3. The method of claim 1, wherein said normalizing each frame image according to the set of keypoints comprises:

acquiring a template frame image, and determining a plurality of first face key points from the template frame image;

determining a plurality of second face key points from the frame images for each of the plurality of frame images;

determining the weight of the frame image according to the plurality of first face key points and the plurality of second face key points; and

and weighting each pixel value of the frame image by using the weight to obtain the normalized frame image.

4. A method according to claim 3, wherein the separately segmenting the face image from each of the plurality of frame images comprises:

acquiring two pupil coordinates in the template frame image;

determining a region of interest according to the two pupil coordinates; and

and dividing the face image from each frame image according to the region of interest.

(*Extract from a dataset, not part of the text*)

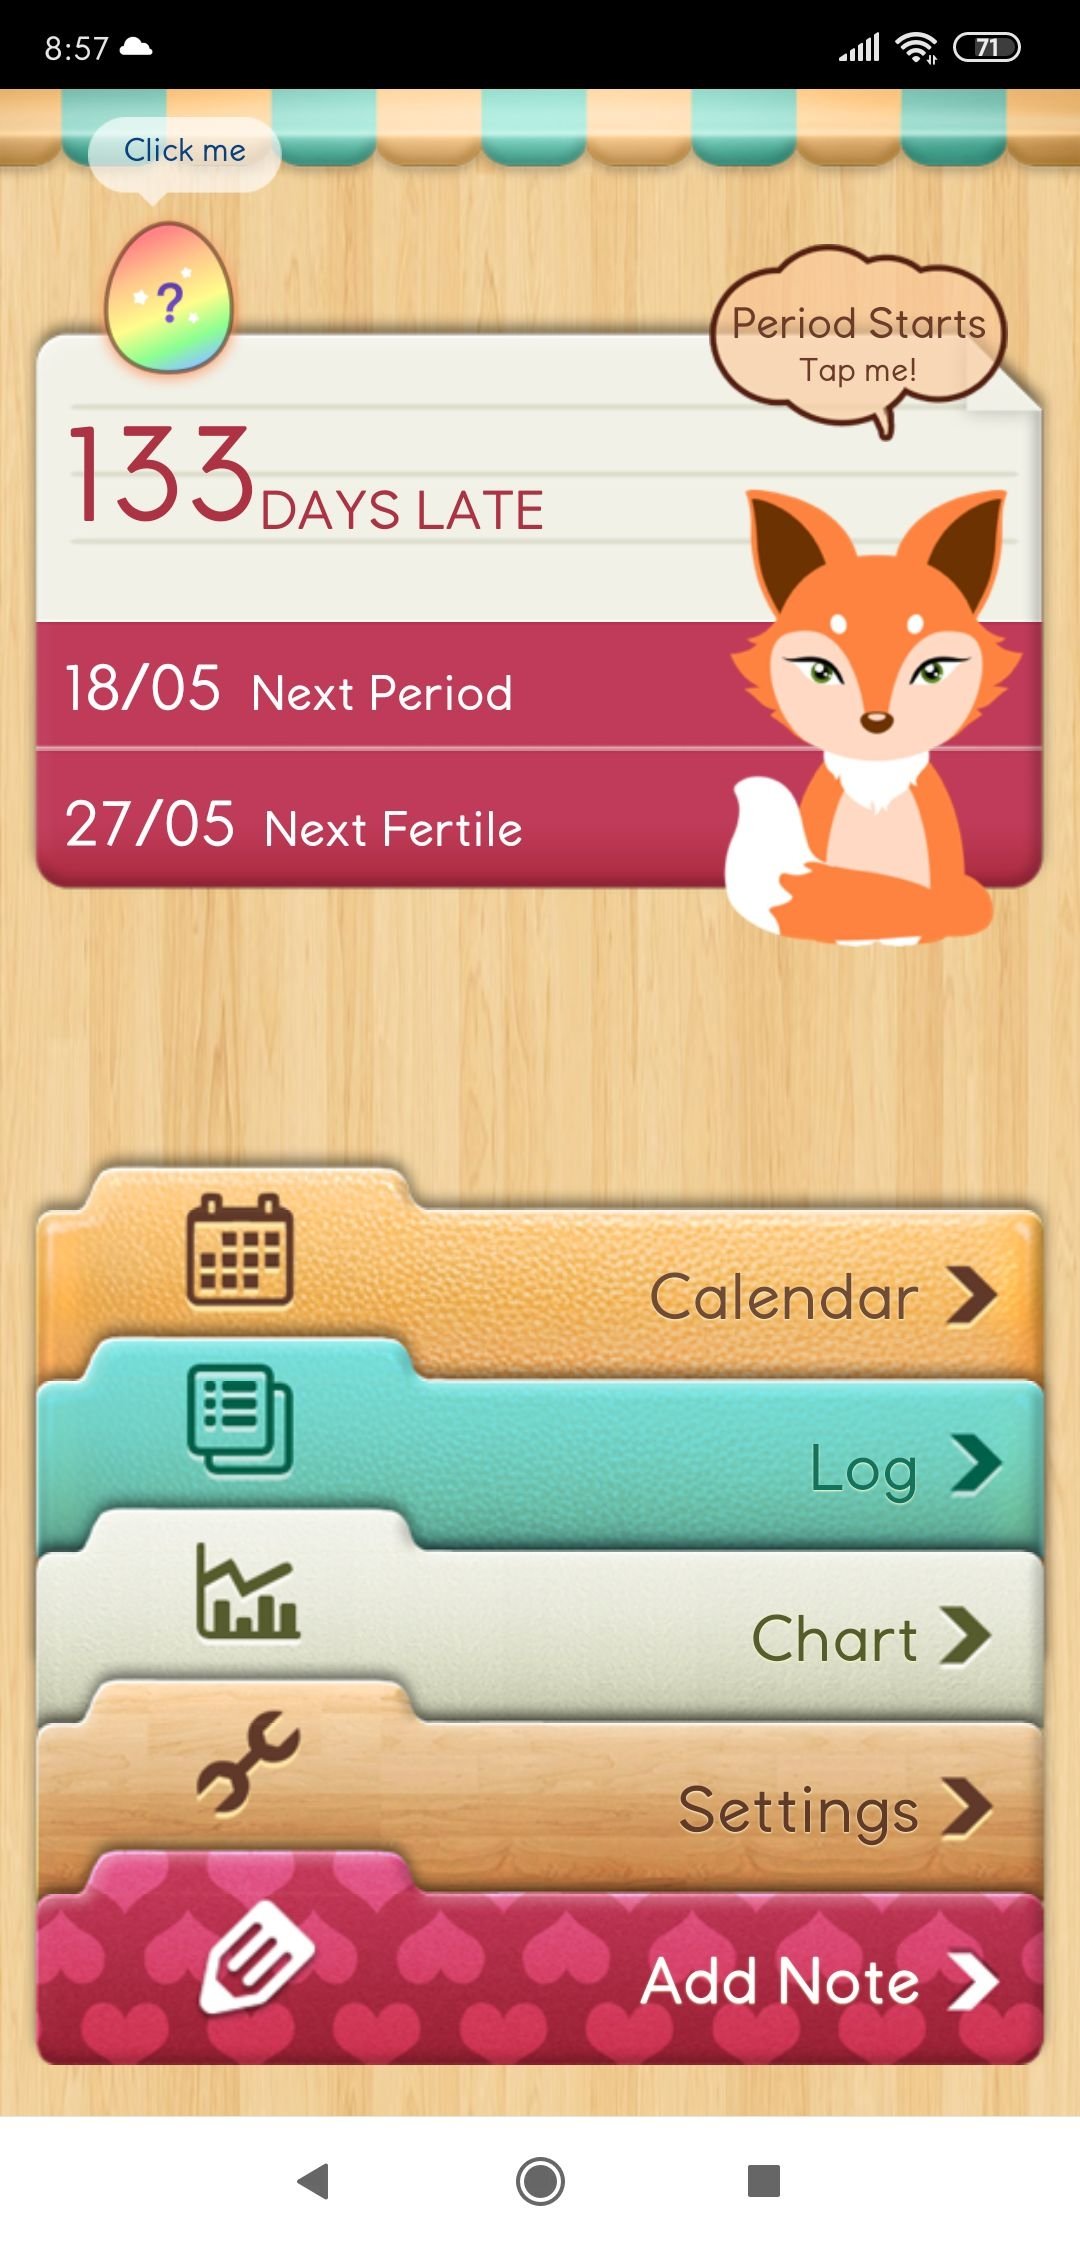 My Period Tracker for Android - Download
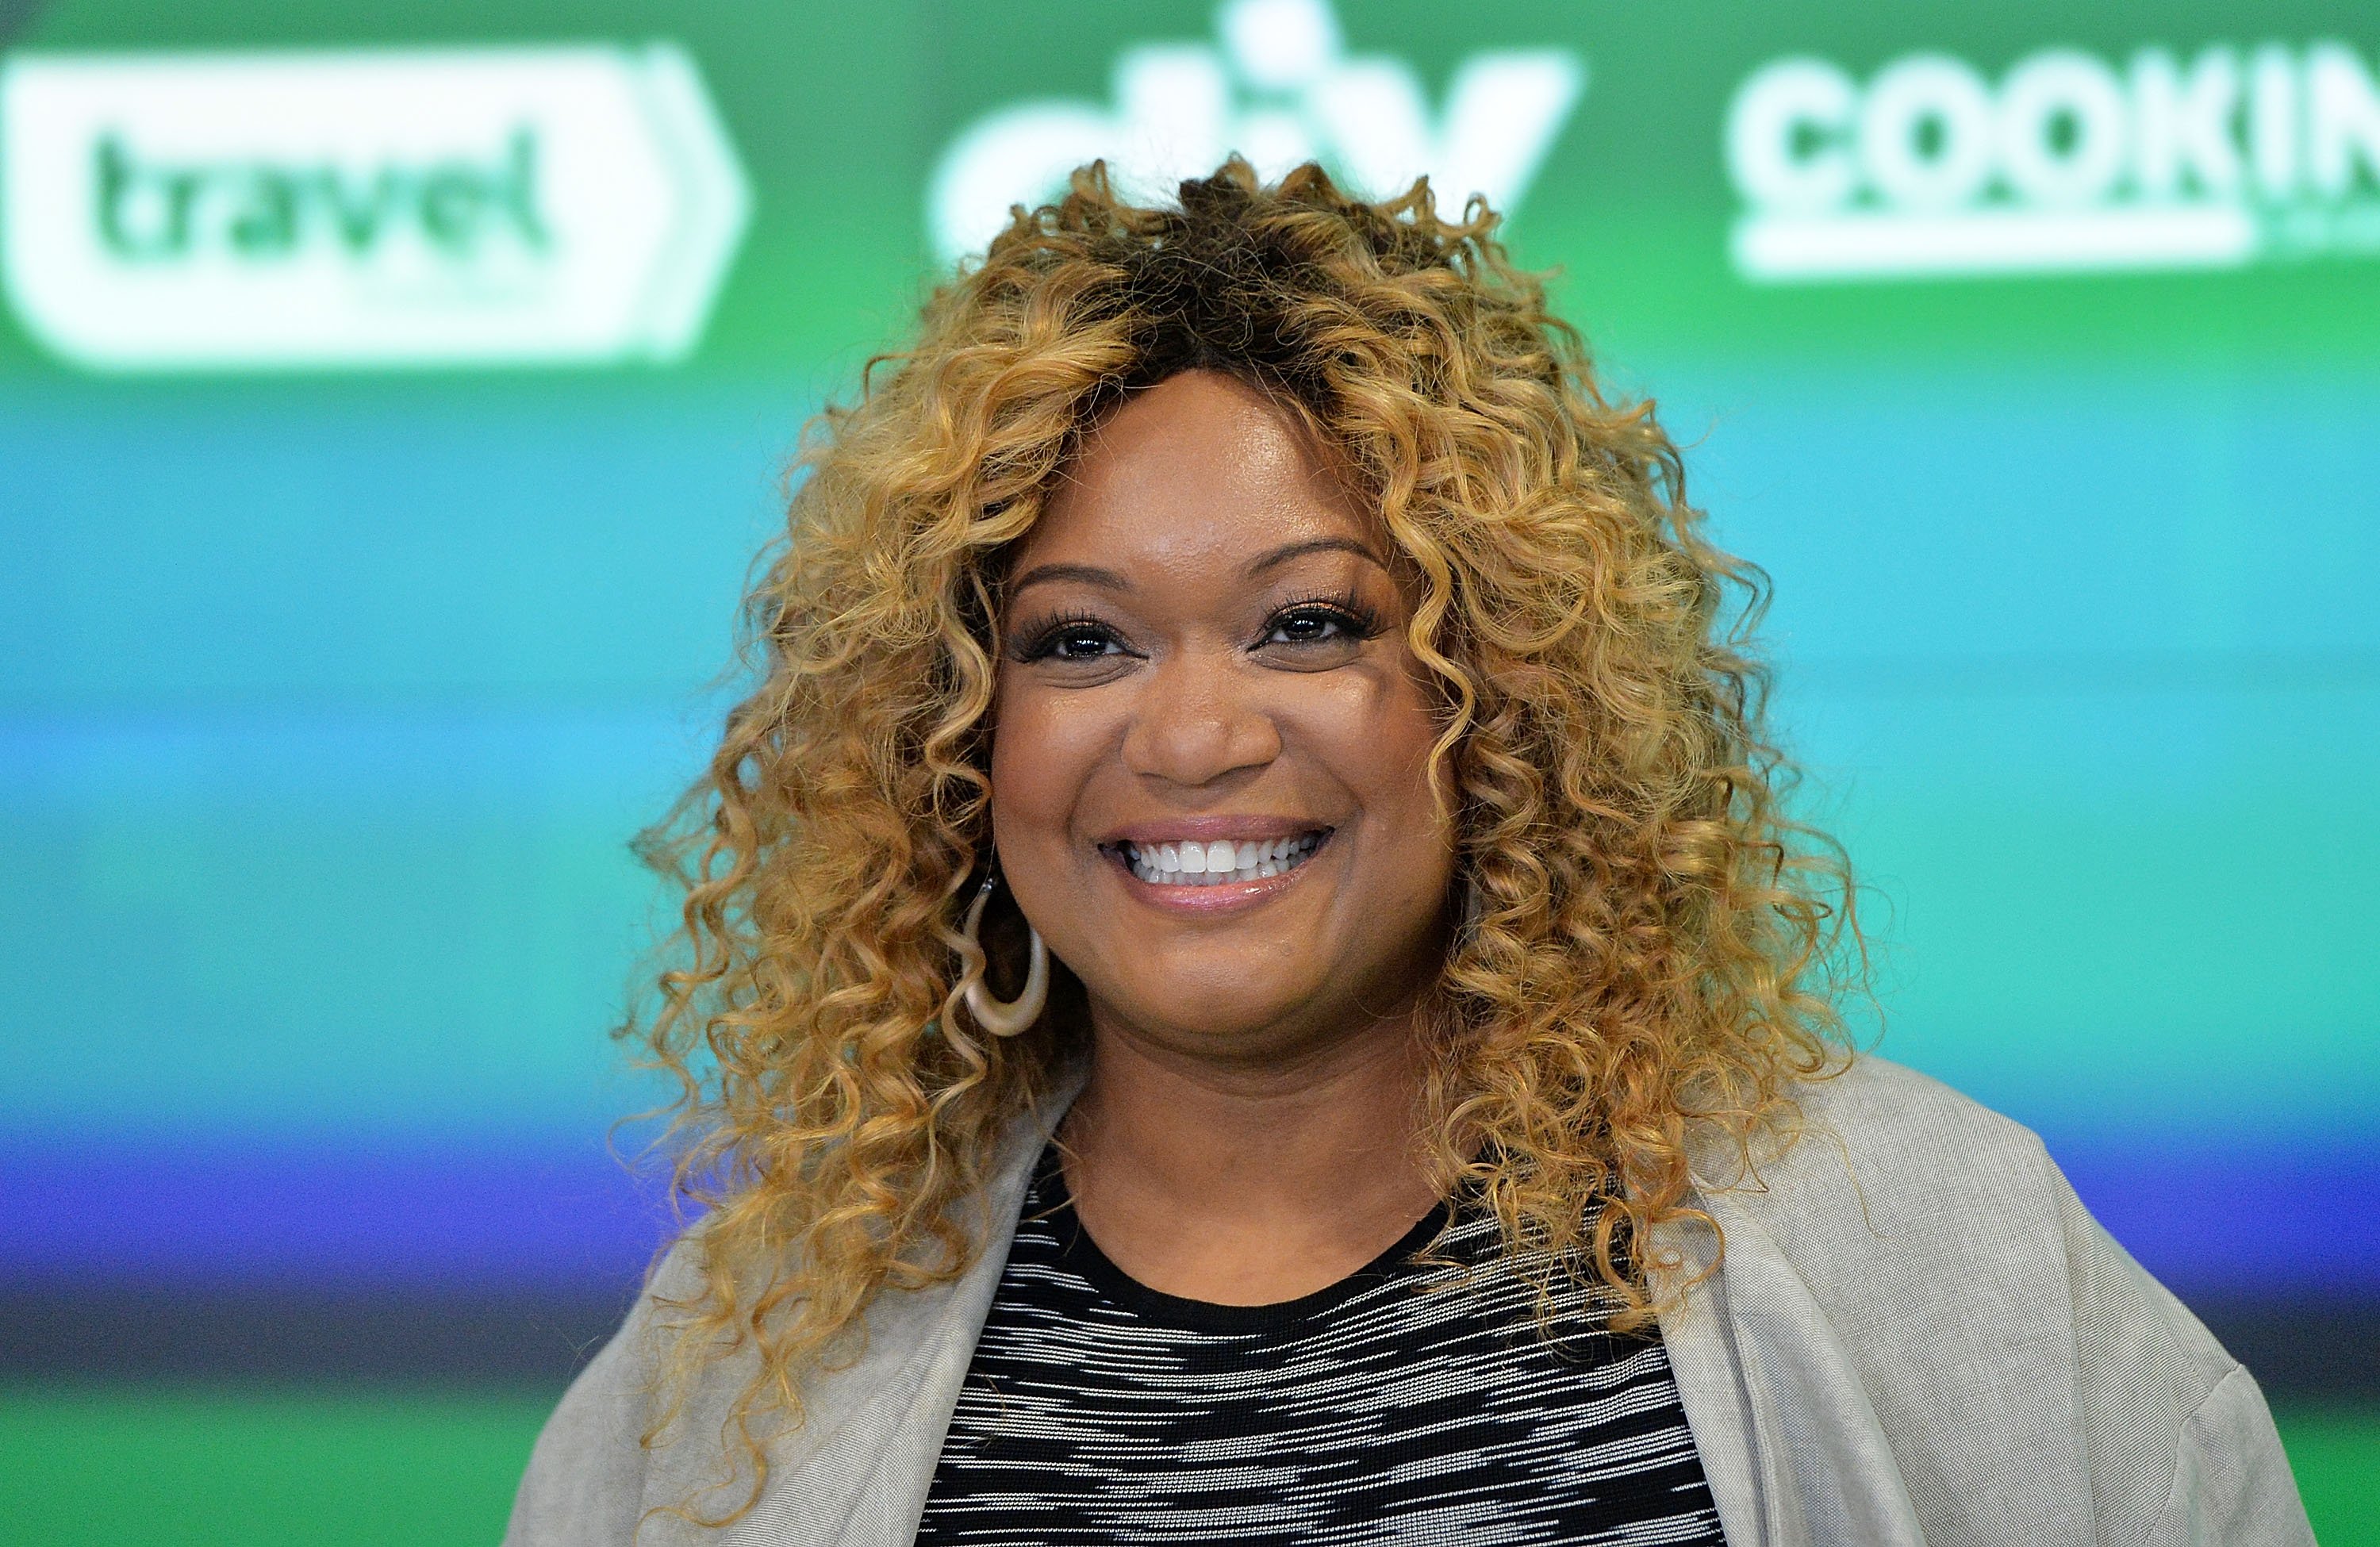 Food Network star Sunny Anderson wears a striped black blouse in this photograph.

5. An image information authentication apparatus comprising:

the acquisition module is used for acquiring a target video sequence of a target user when the target user inputs information to be verified, wherein the target video sequence comprises a plurality of frame images containing human faces;

The segmentation module is used for respectively segmenting the face image from each frame image in the plurality of frame images to obtain a plurality of face images;

the feature extraction module is used for extracting target features of the target video sequence from the plurality of face images according to a local binary pattern algorithm; and

a classification module for processing the target features using a trained classification model to verify the authenticity of the information to be verified;

serializing the video segment to obtain the target video sequence;

after the face image is segmented from each of the plurality of frame images, the method further comprises:

before the face image is segmented from each of the plurality of frame images, the method further comprises:

Determining a key point set according to each frame image; and

6. The apparatus of claim 5, further comprising:

the training module is used for training the classification model, wherein the training module comprises:

a sample obtaining sub-module, configured to obtain a plurality of sample video sequences and an authenticity tag corresponding to the plurality of sample video sequences, where each sample video sequence in the plurality of sample video sequences includes a plurality of sample images;

the extraction submodule is used for extracting sample features from sample images of each sample video sequence according to a local binary pattern algorithm;

the input sub-module is used for inputting the classification model according to the sample characteristics to obtain a classification result; and

And the adjustment sub-module is used for adjusting parameters of a local binary pattern algorithm and parameters of the classification model according to the classification result and the authenticity label.

7. A computing device, comprising:

one or more processors;

a memory for storing one or more computer programs,

wherein the one or more computer programs, when executed by the one or more processors, cause the one or more processors to implement the method of any of claims 1 to 4.

8. A computer readable storage medium having stored thereon executable instructions which when executed by a processor cause the processor to implement the method of any one of claims 1 to 4.